7th Minister for Foreign Affairs of Abkhazia
- In office 26 February 2010 – 11 October 2011
- President: Sergei Bagapsh Alexander Ankvab
- Prime Minister: Sergei Shamba
- Preceded by: Sergei Shamba
- Succeeded by: Viacheslav Chirikba

Personal details
- Born: 13 March 1976 (age 50) Sukhumi
- Alma mater: Gorlovsky State Institute for Foreign Languages

= Maxim Gvinjia =

Abkhazian politician (born 1976)

Maxim Gvinjia (Максим Ӷәынџьиа, მაქსიმ ღვინჯია) is the former Minister of Foreign Affairs of Abkhazia. Before he was appointed on 26 February 2010 to replace Sergei Shamba, Gvinjia had served as Deputy Minister for Foreign Affairs since 1 March 2004.

==Early life and career==

Gvinjia was born on 13 March 1976 in Sukhumi. In 1998, he graduated from the Gorlovsky State Institute for Foreign Languages in Ukraine. Gvinjia is a member of the Abkhazian Committee to Ban Land Mines and has written a number of papers on the subject.

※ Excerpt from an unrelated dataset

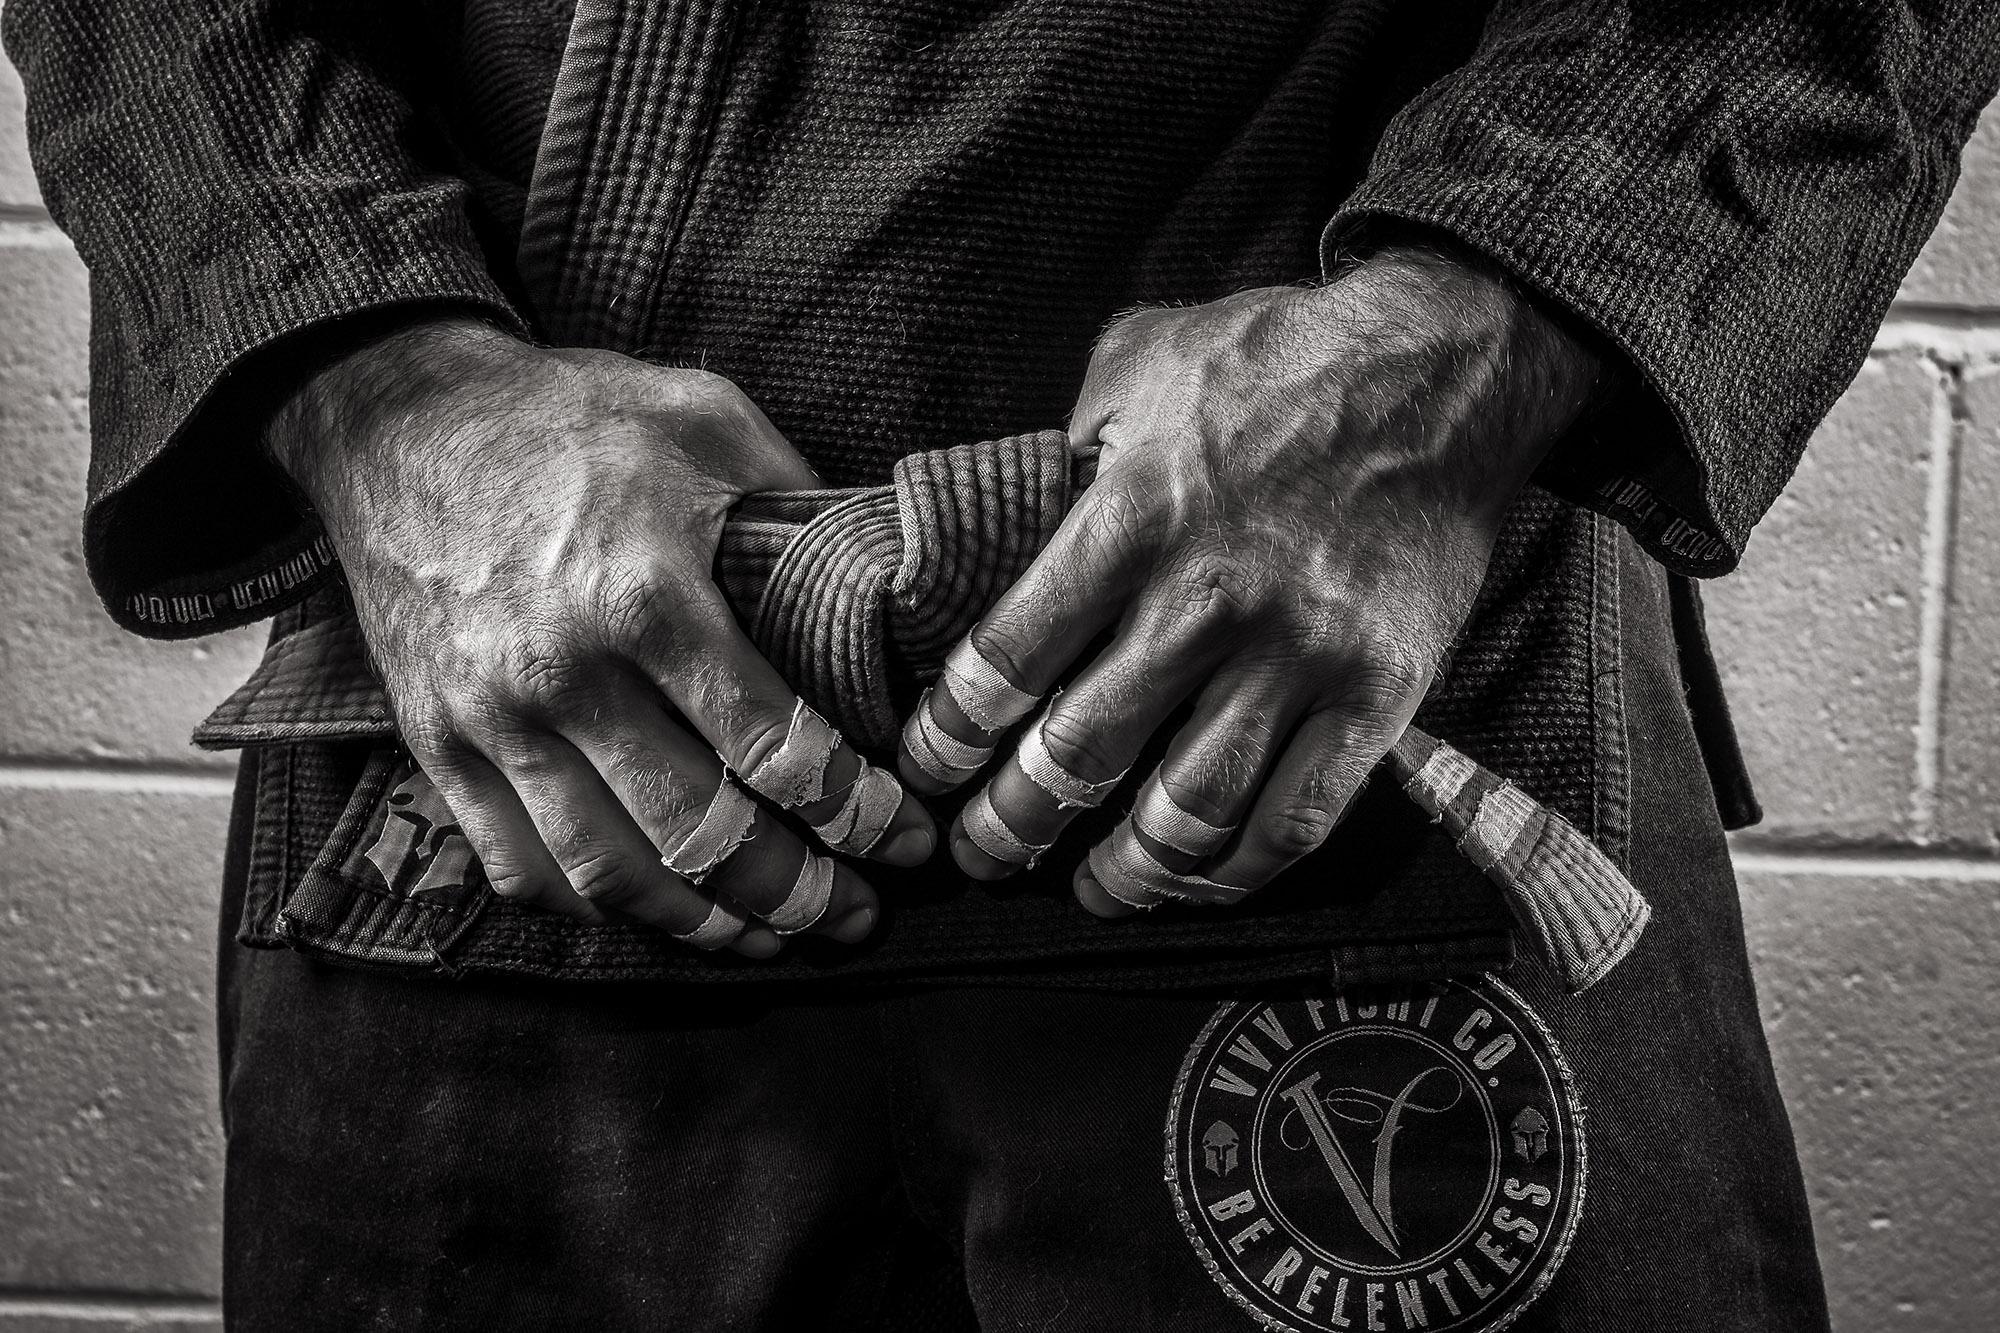 brazilian-jiu-jitsu-gi-and-belt.jpg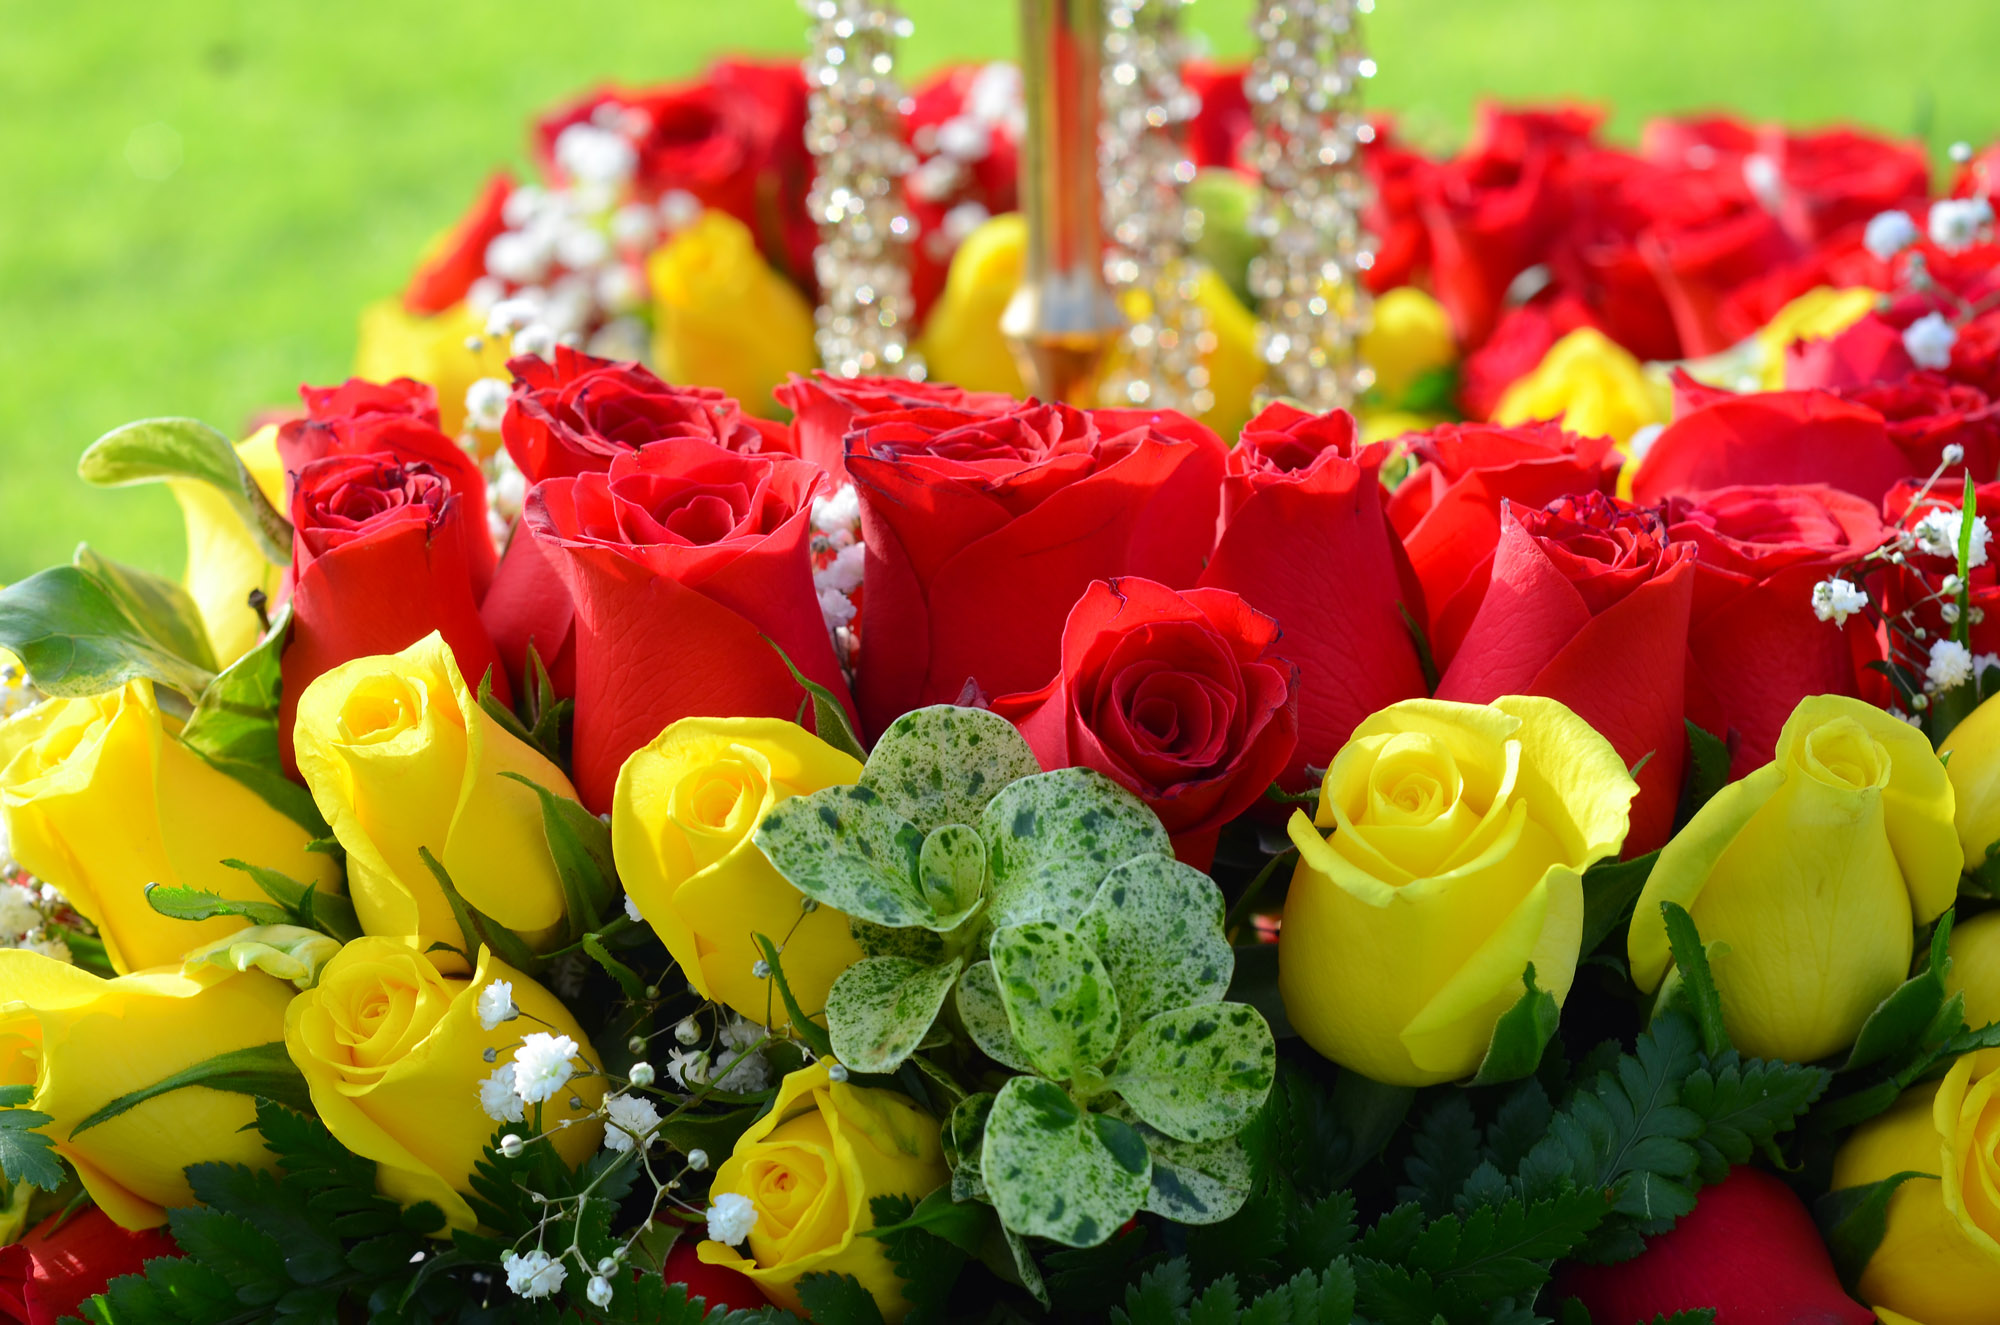 PJ Dave Flora Roses

In 2014, Éric Baudelaire directed a documentary film, Letters to Max, based on a correspondence with Gvinjia, to whom Baudelaire sent a series of letters from Paris to test whether the French postal system would deliver mail to a state it doesn't recognize. Gvinjia received many of the letters, and responded with voice recordings that became the voiceover for the film.